Return the entries below word for word. No picture belongs in the copy.

| Dataset items |
== Segment start ==

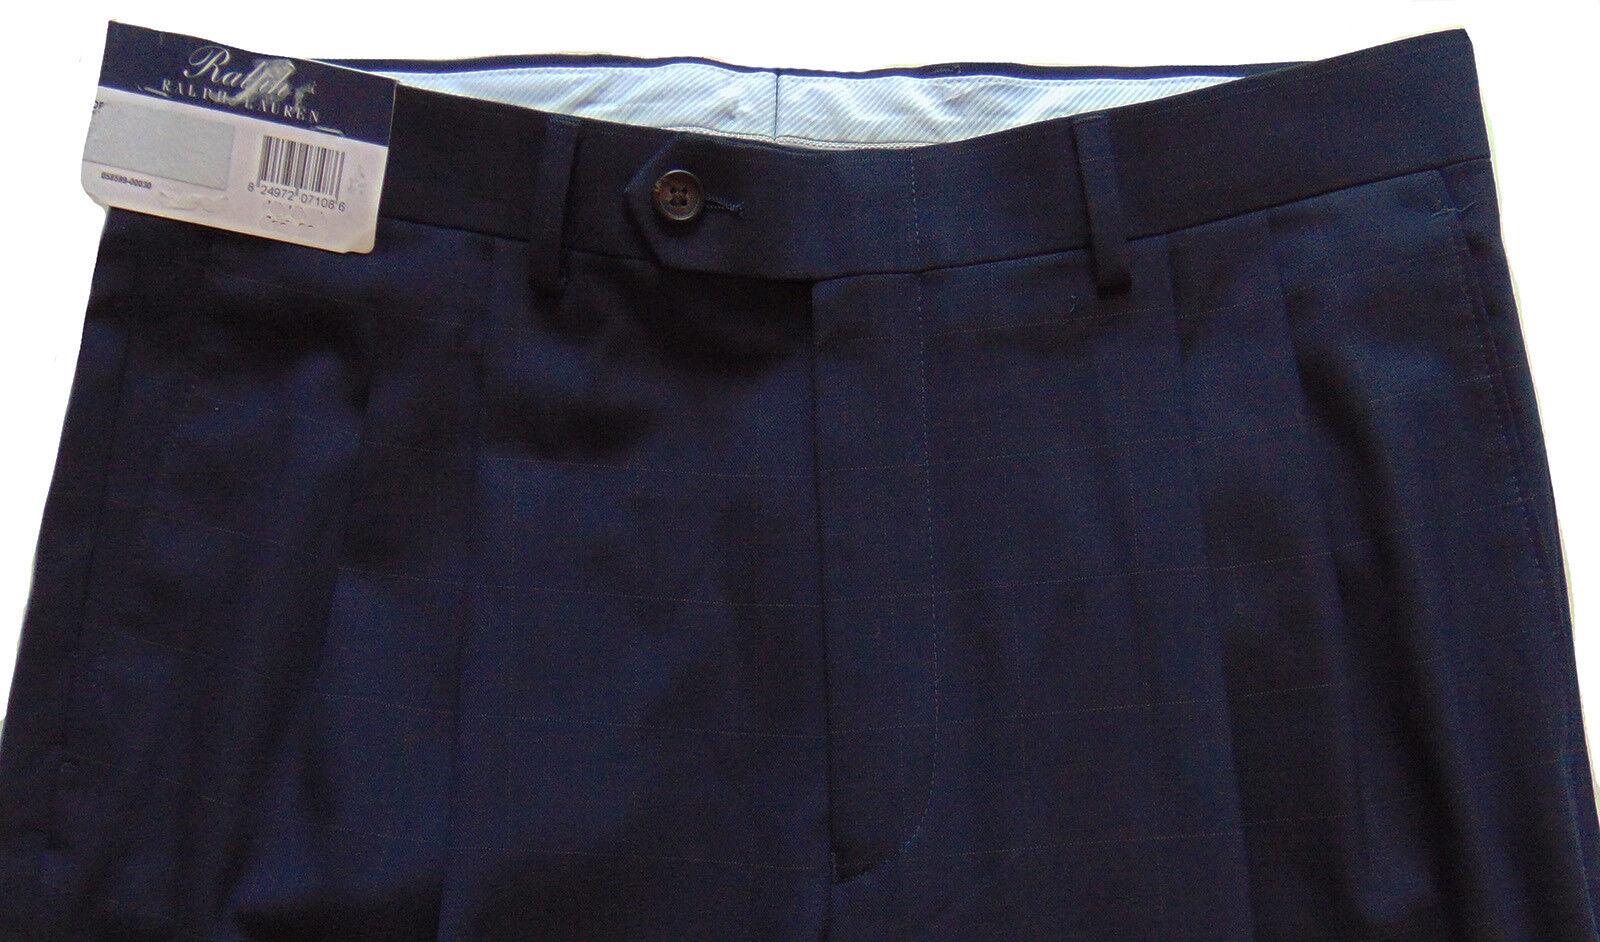 Men's RALPH LAUREN Navy bluee Pleated Plaid Dress Pants 32x32 NWT NEW -009 Nice
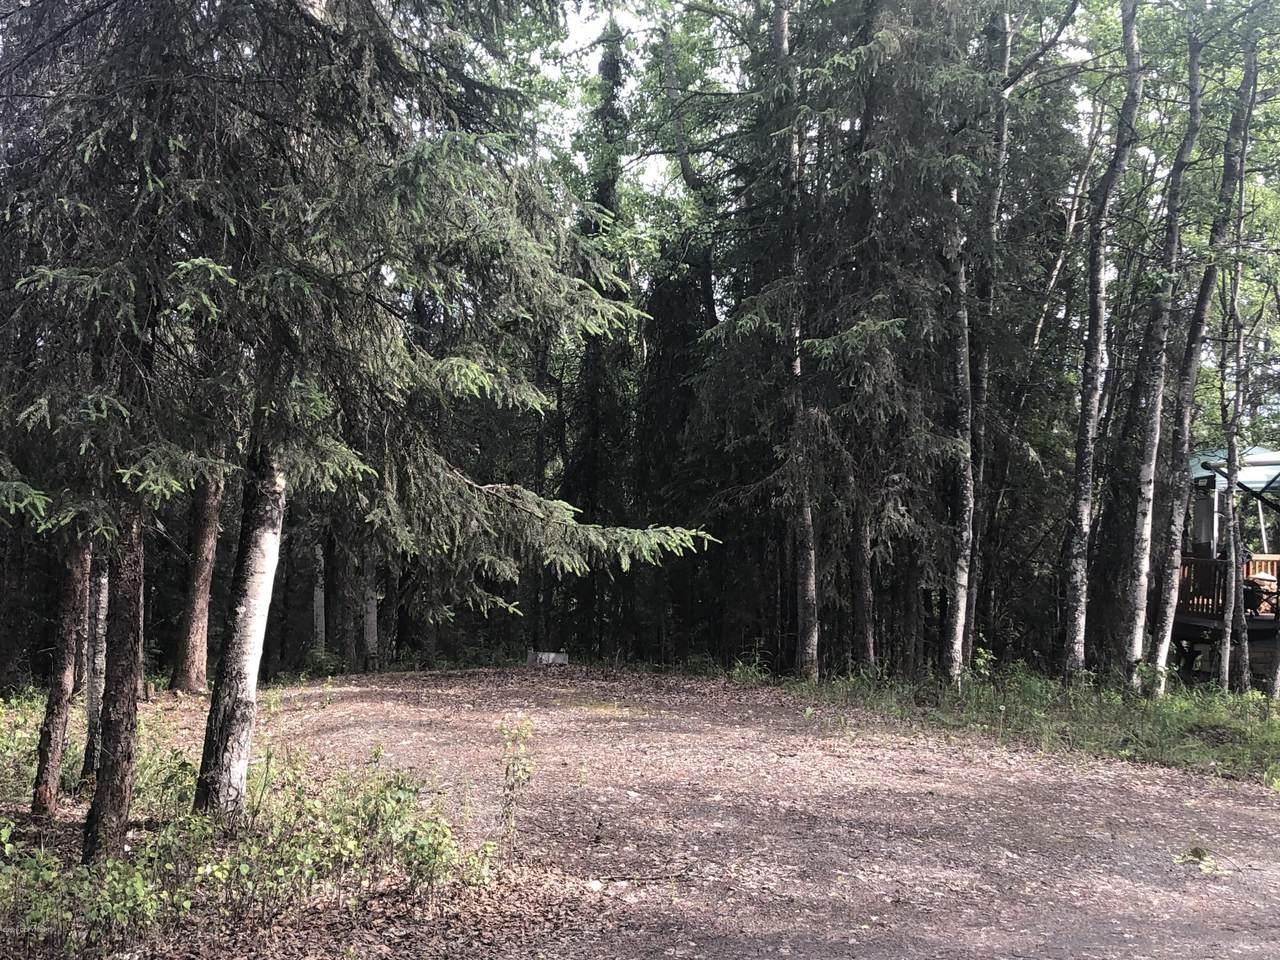 https://bt-photos.global.ssl.fastly.net/alaska/1280_boomver_1_20-9877-2.jpg
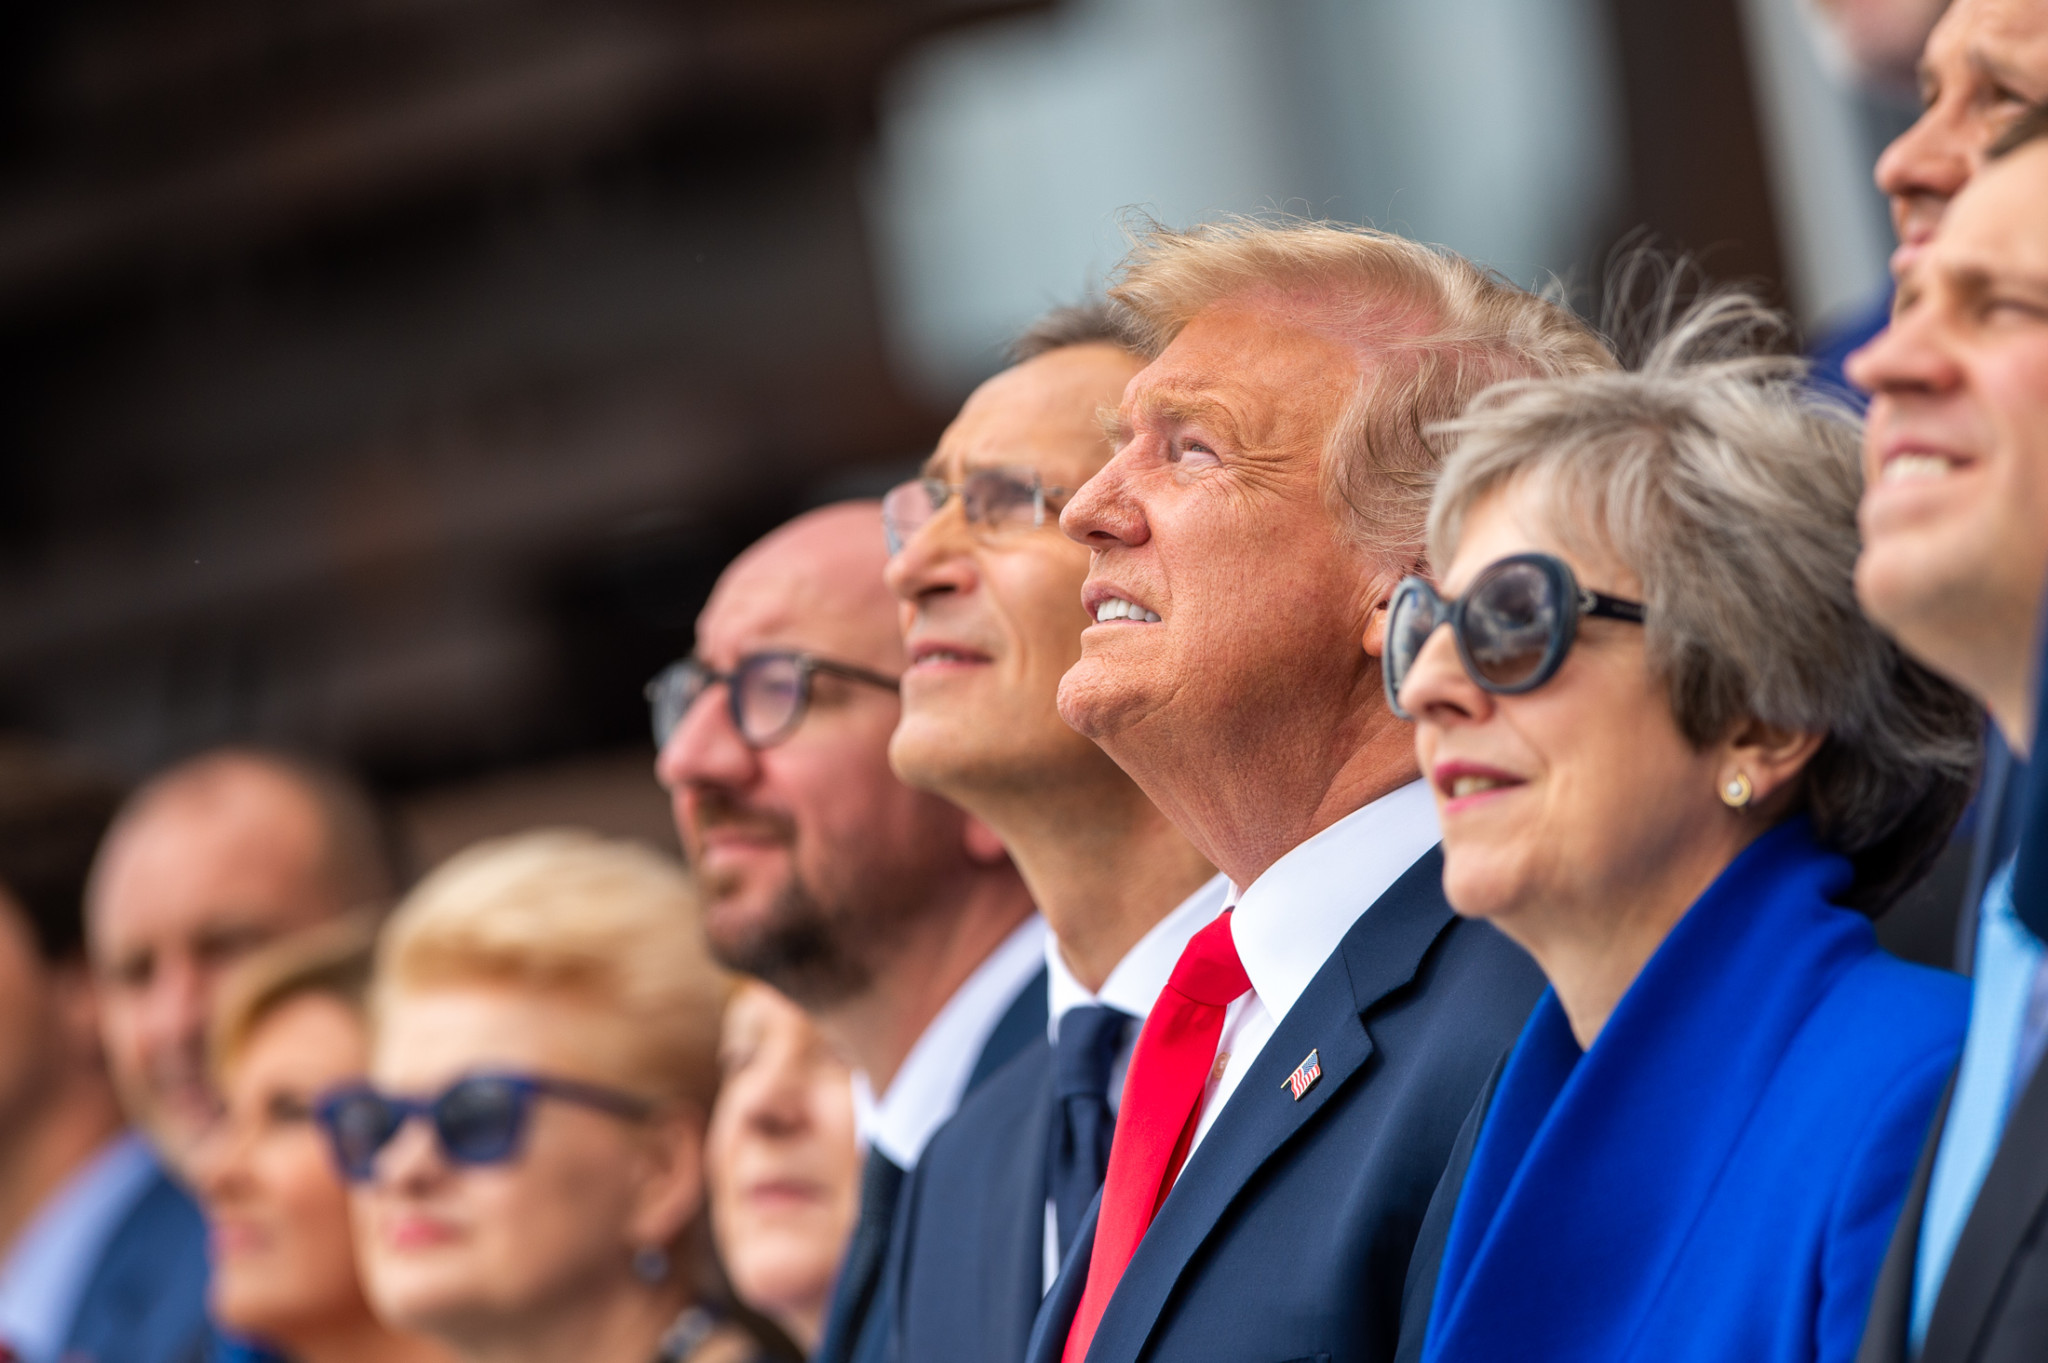 NATO gir Trump spesialtilpassede tall
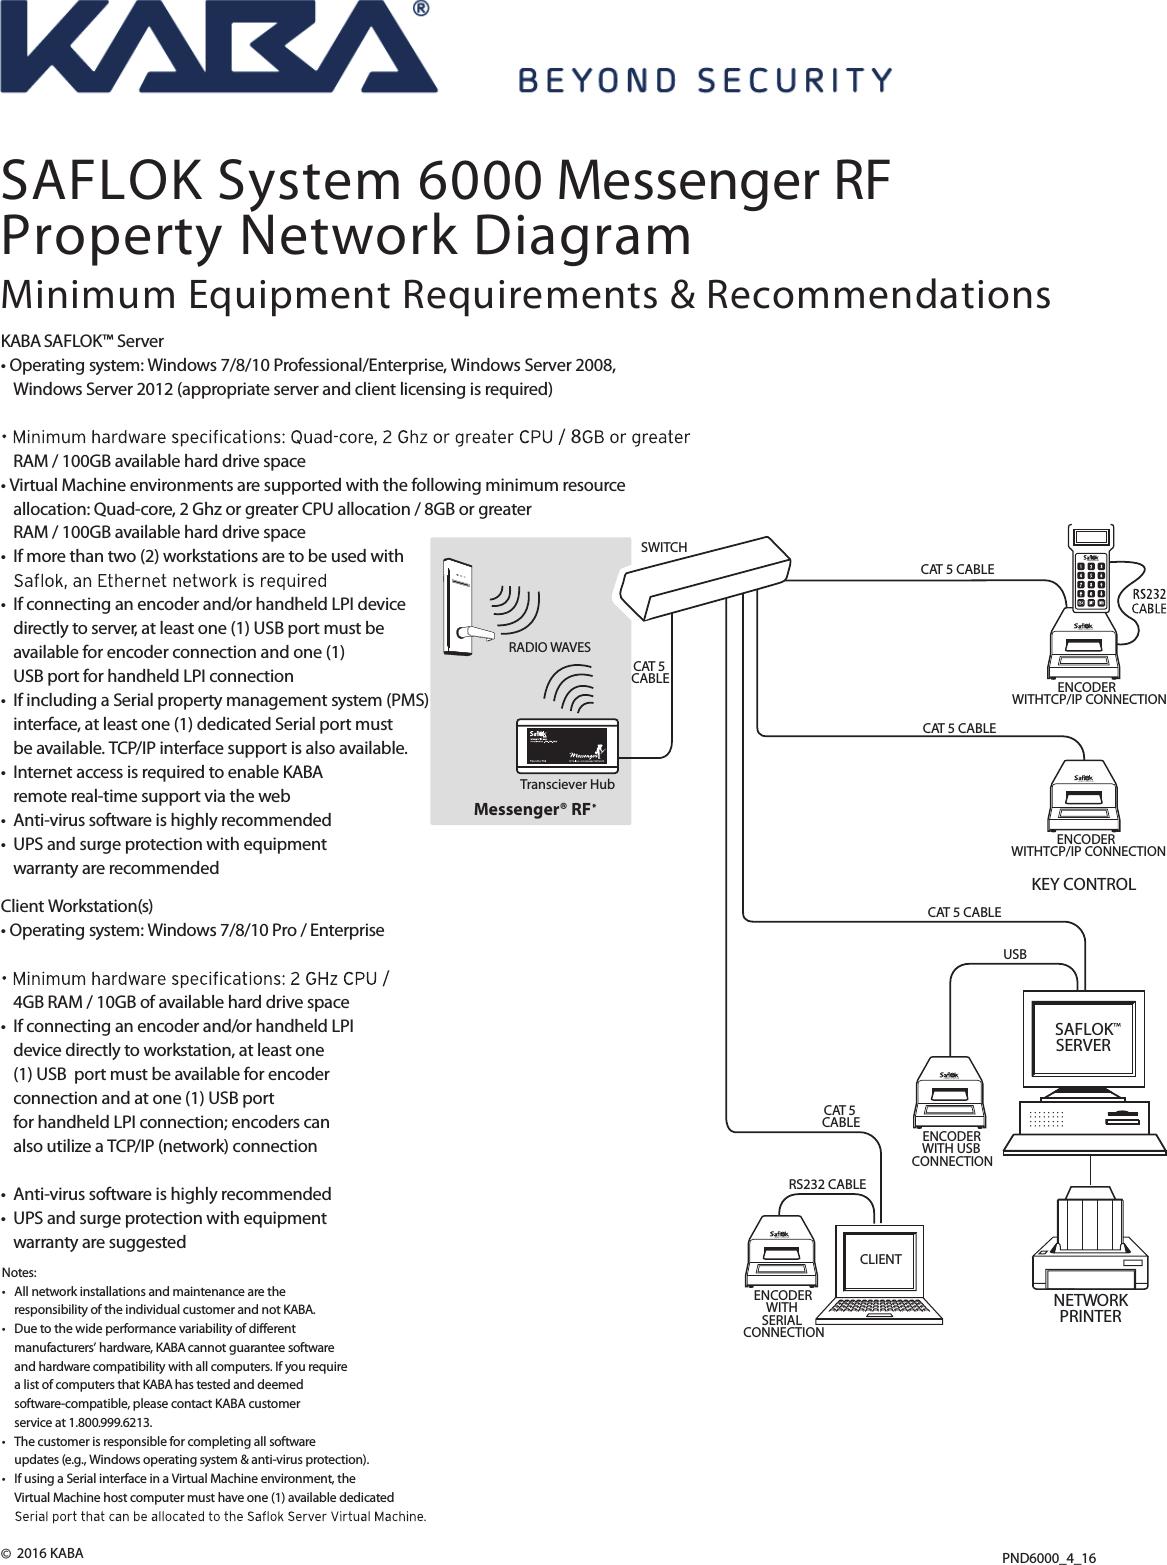 Saflok Wiring Diagram Free Download Yale Gc030 Kaba Diagrams Wire Center U2022 Parts Catalog At
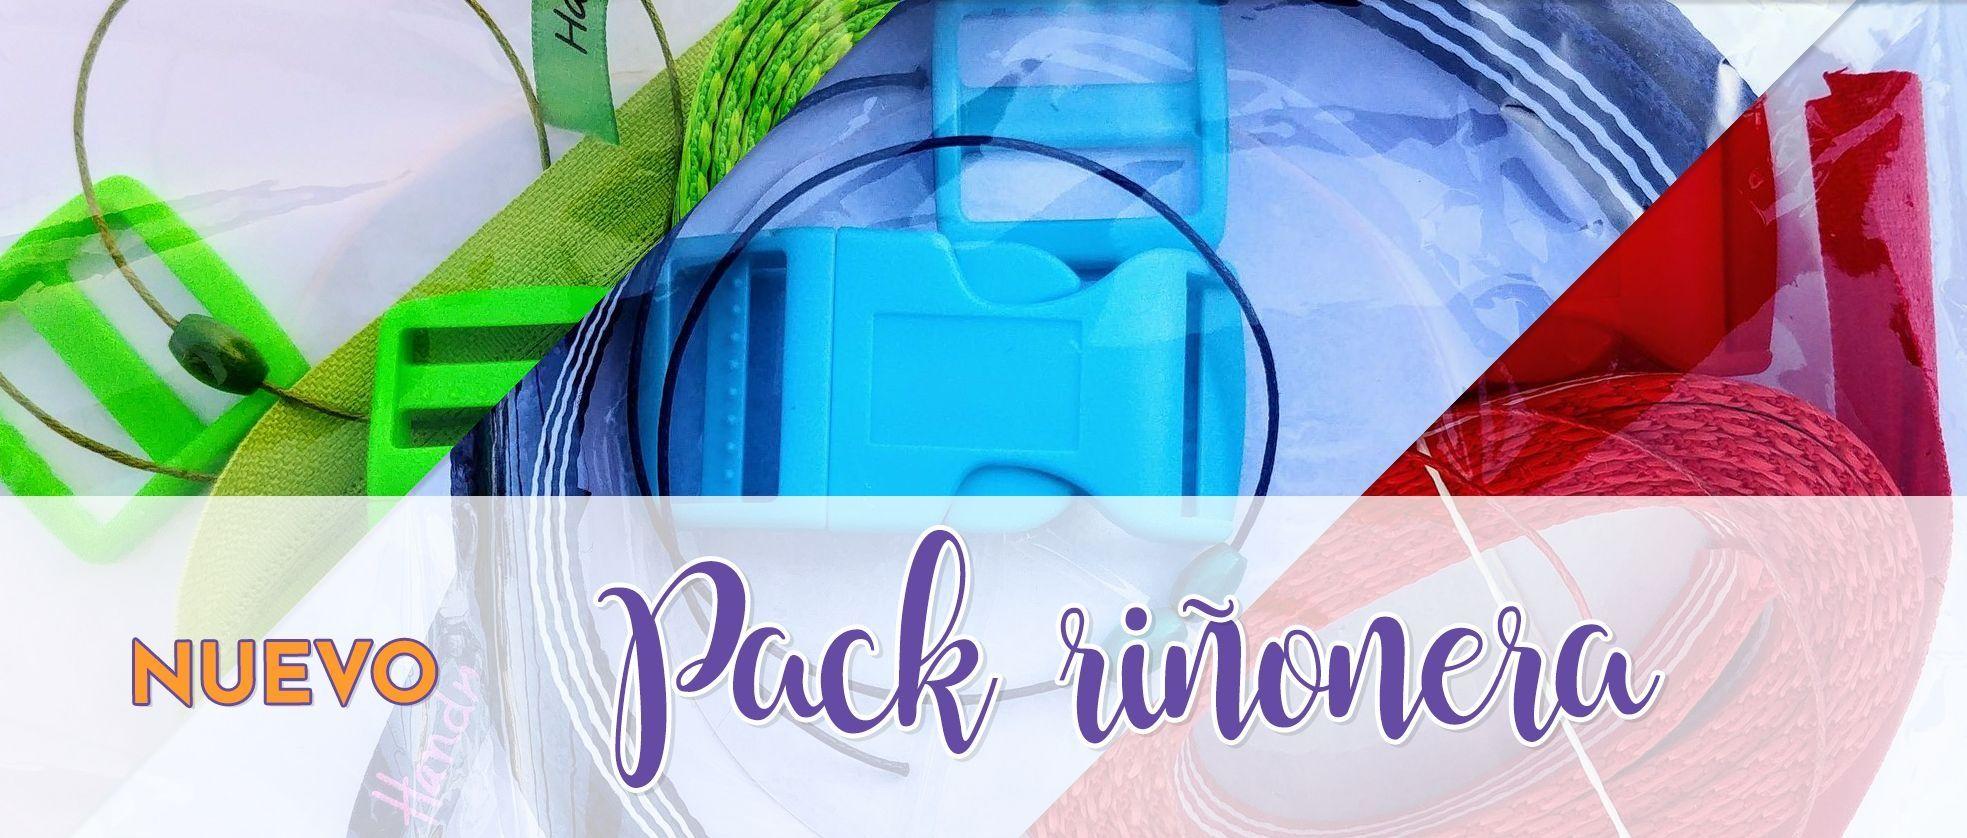 Pack riñonera

== Segment end ==

| Exercise result |
 Men's RALPH LAUREN Navy bluee Pleated Plaid Dress Pants 32x32 NWT NEW -009 Nice
 https://bt-photos.global.ssl.fastly.net/alaska/1280_boomver_1_20-9877-2.jpg
 NATO gir Trump spesialtilpassede tall
 Saflok Wiring Diagram Free Download Yale Gc030 Kaba Diagrams Wire Center U2022 Parts Catalog At
 Pack riñonera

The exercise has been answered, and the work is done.